After removing the factor 2, the implementations test odd divisors \(3,5,7,\dots\) only while

$p^2 \le m_{\mathrm{red}},$

where \(m_{\mathrm{red}}\) denotes the current reduced number. If the loop ends with \(m_{\mathrm{red}}>1\), that leftover value must be prime. Otherwise it would be composite and would therefore have a prime divisor at most \(\sqrt{m_{\mathrm{red}}}\), contradicting the fact that all such candidates have already been tested and removed.

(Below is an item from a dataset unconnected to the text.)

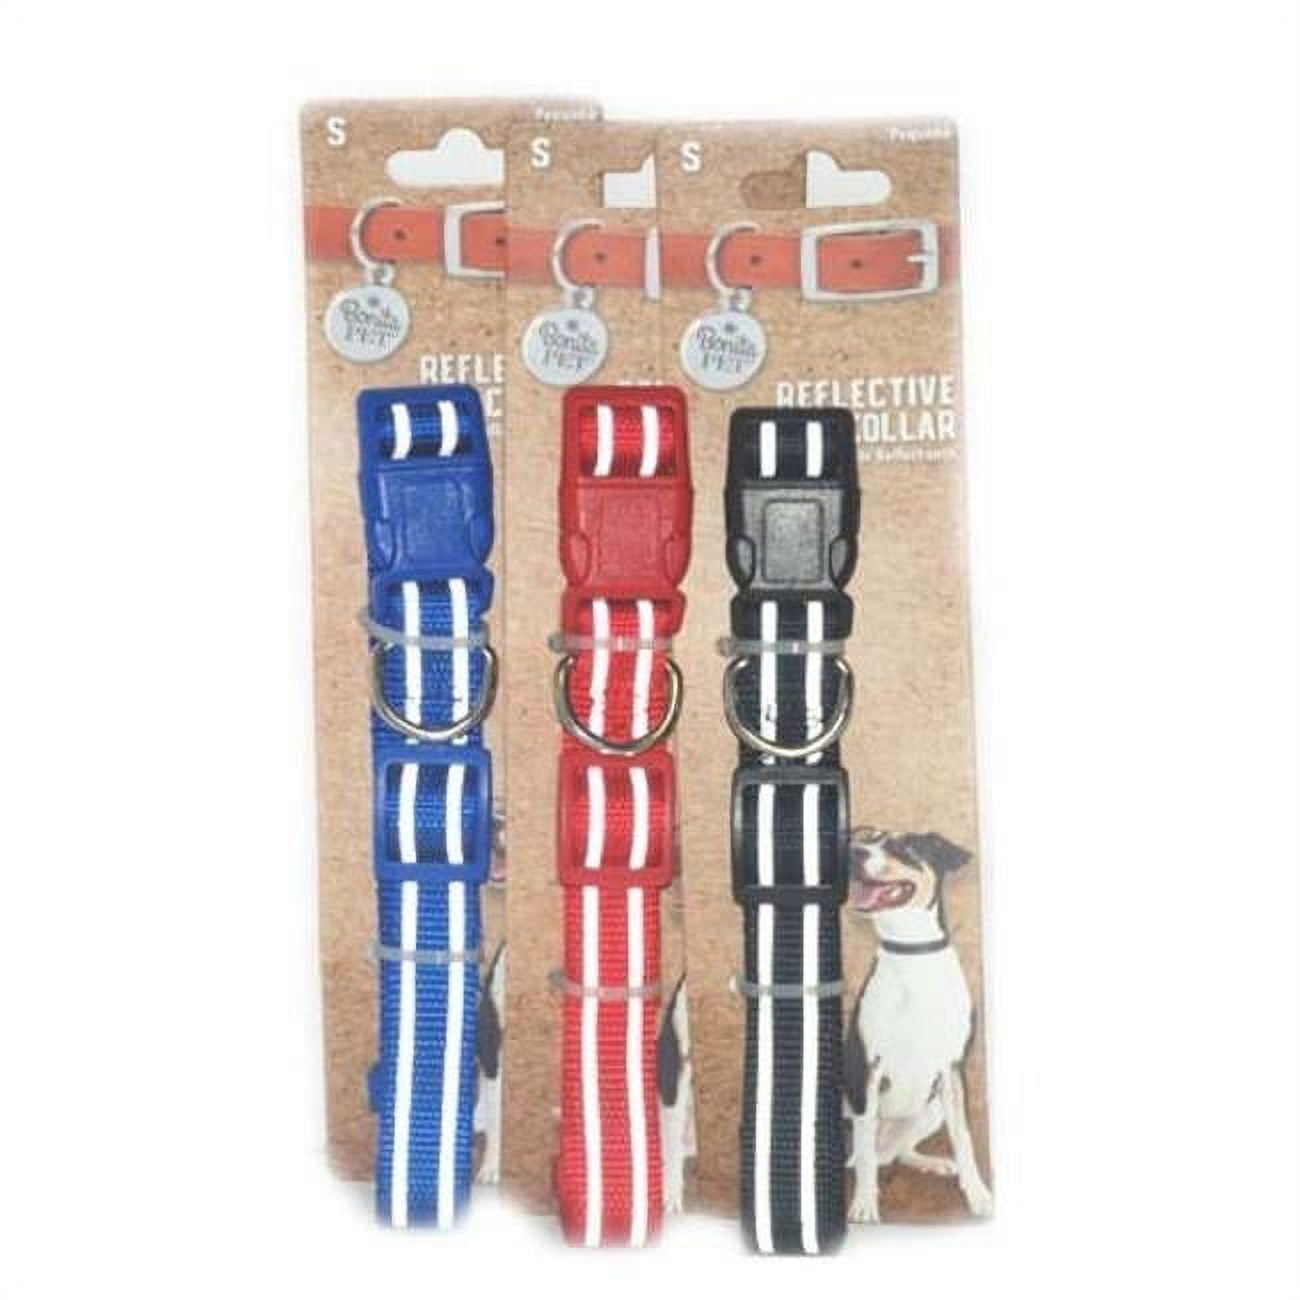 Picture of DDI 2324548 Reflective Collars - 3 Colors Case of 96

If \(r(m)\) denotes the number of distinct prime divisors removed during the loop, the final count is

$\omega(m)=r(m)+\begin{cases}1,&m_{\mathrm{red}}>1,\\0,&m_{\mathrm{red}}=1.\end{cases}$

The consecutive-run invariant

Once \(\omega(m)\) can be computed for one integer, the search becomes a streaming recurrence. Let \(s_m\) be the length of the longest suffix of consecutive integers ending at \(m\) for which every value has four distinct prime factors. Then

$s_m=\begin{cases} s_{m-1}+1,&\omega(m)=4,\\ 0,&\omega(m)\ne 4. \end{cases}$

As soon as \(s_m=4\), the desired block is

$m-3,\ m-2,\ m-1,\ m.$

Because the scan checks integers in increasing order, the first time this happens yields the smallest possible starting value.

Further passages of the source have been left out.